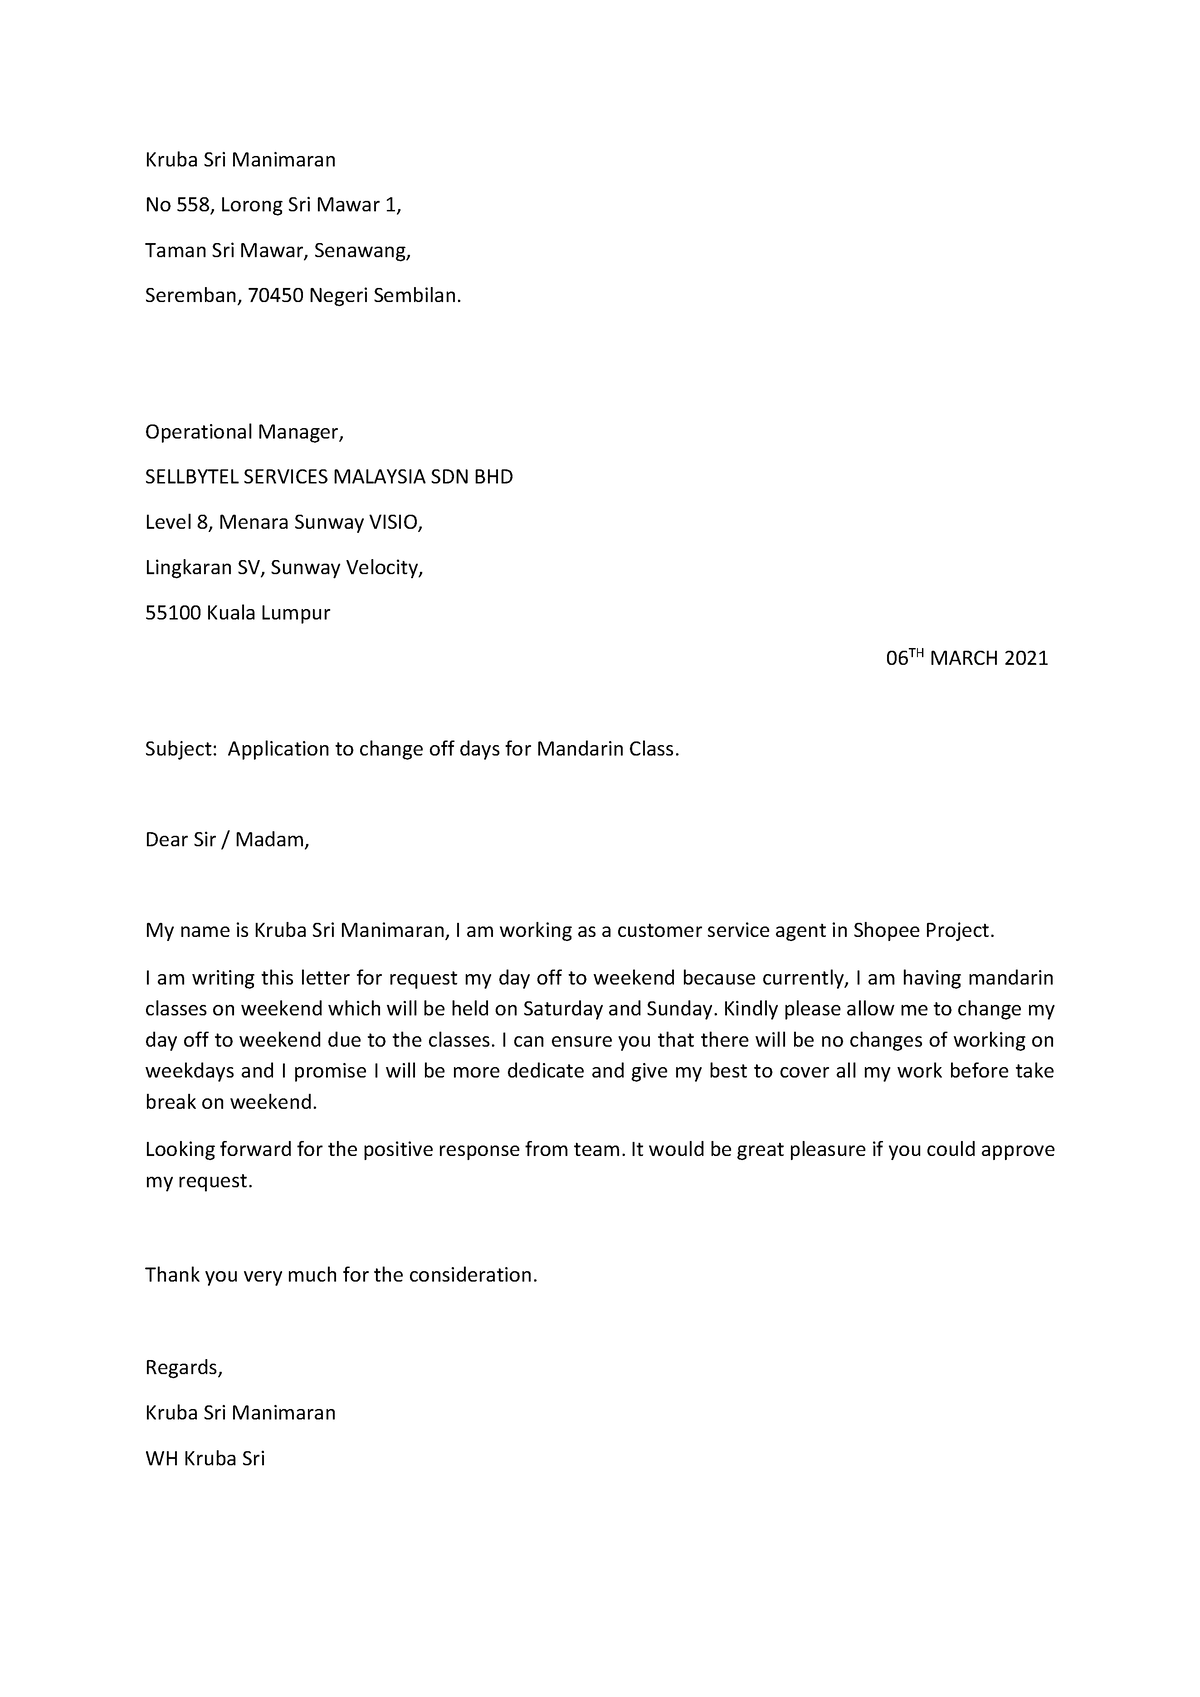 Application letter for change OFF Days - Kruba Sri Manimaran No 558 ...
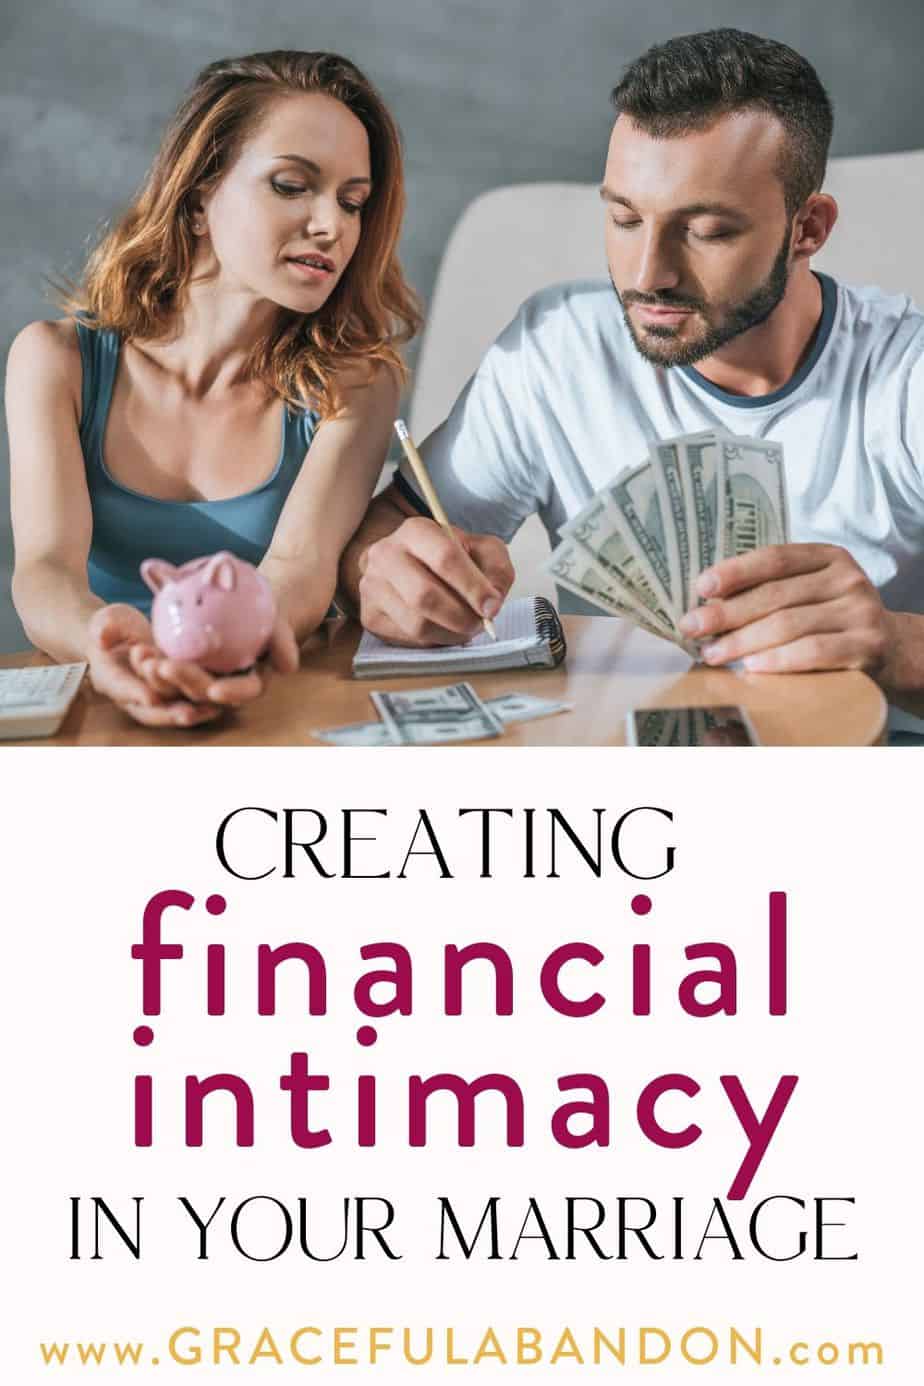 Money In Marriage Do Finances Impact Intimacy?
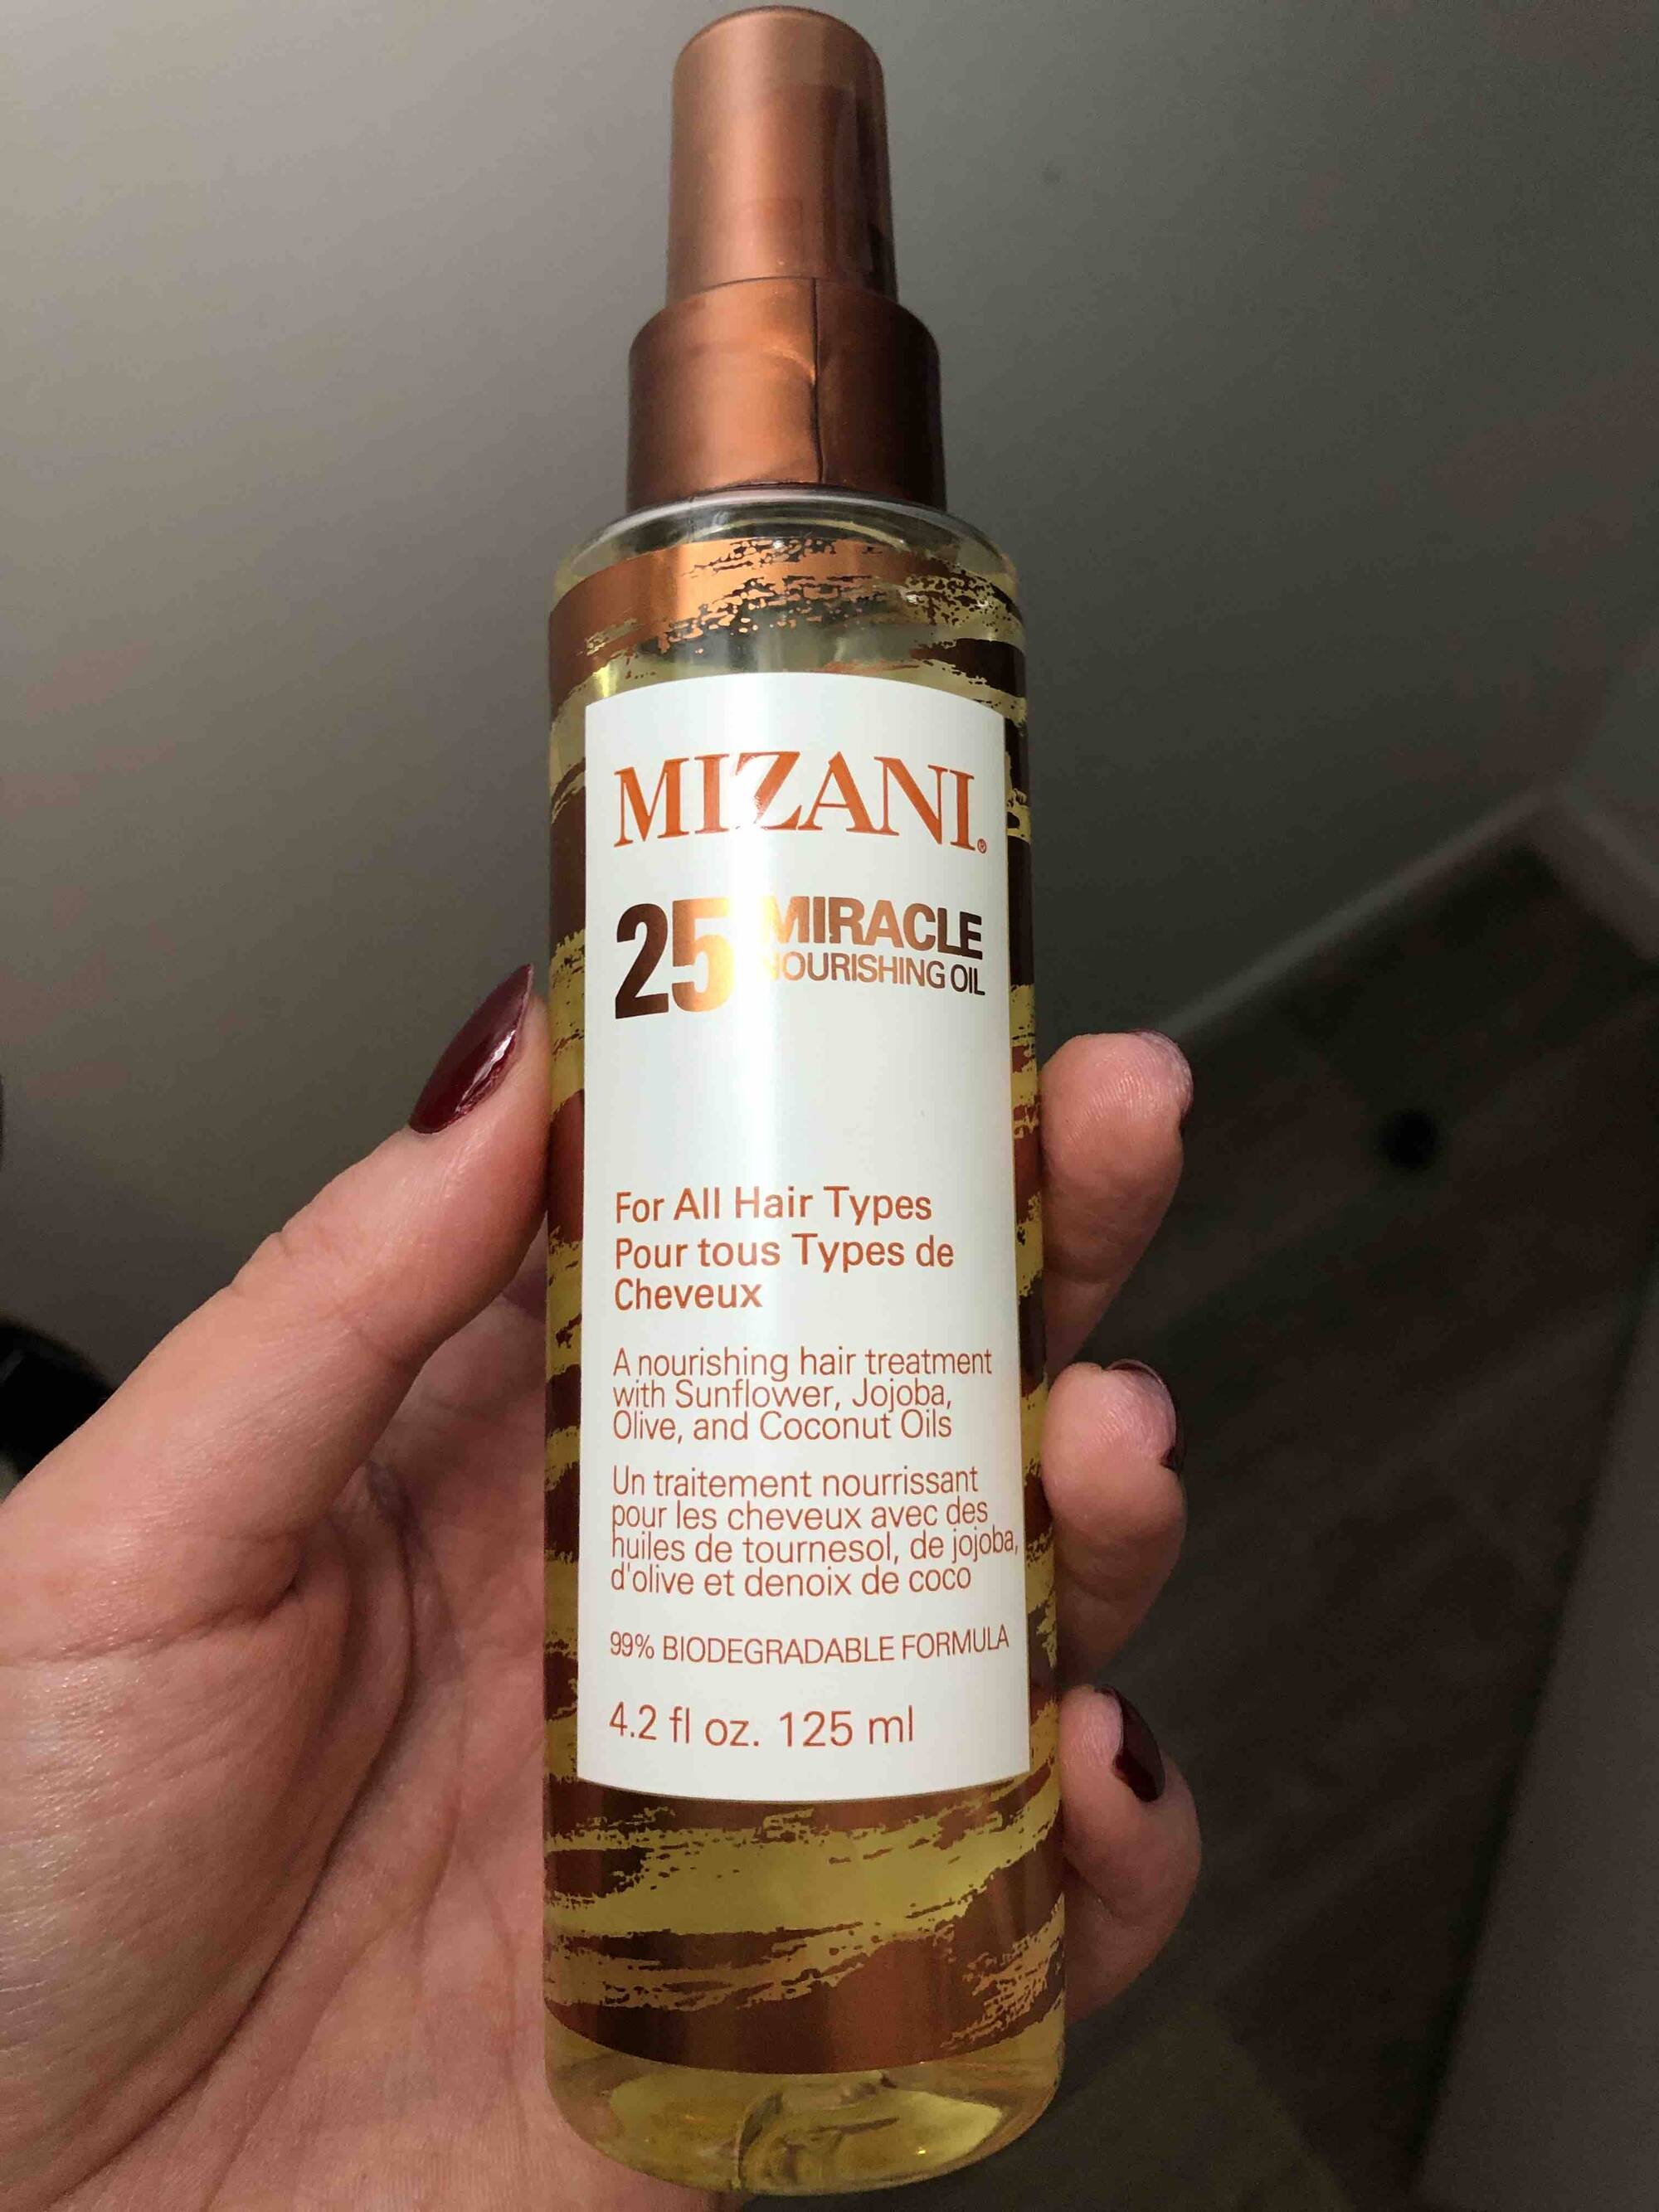 MIZANI - 25 miracle Nourishing oil

----------

Description of the task: Would you repeat the listing above exactly, minus the images?

Result of the exercise:
 Application letter for change OFF Days - Kruba Sri Manimaran No 558 ...
 Money In Marriage Do Finances Impact Intimacy?
 MIZANI - 25 miracle Nourishing oil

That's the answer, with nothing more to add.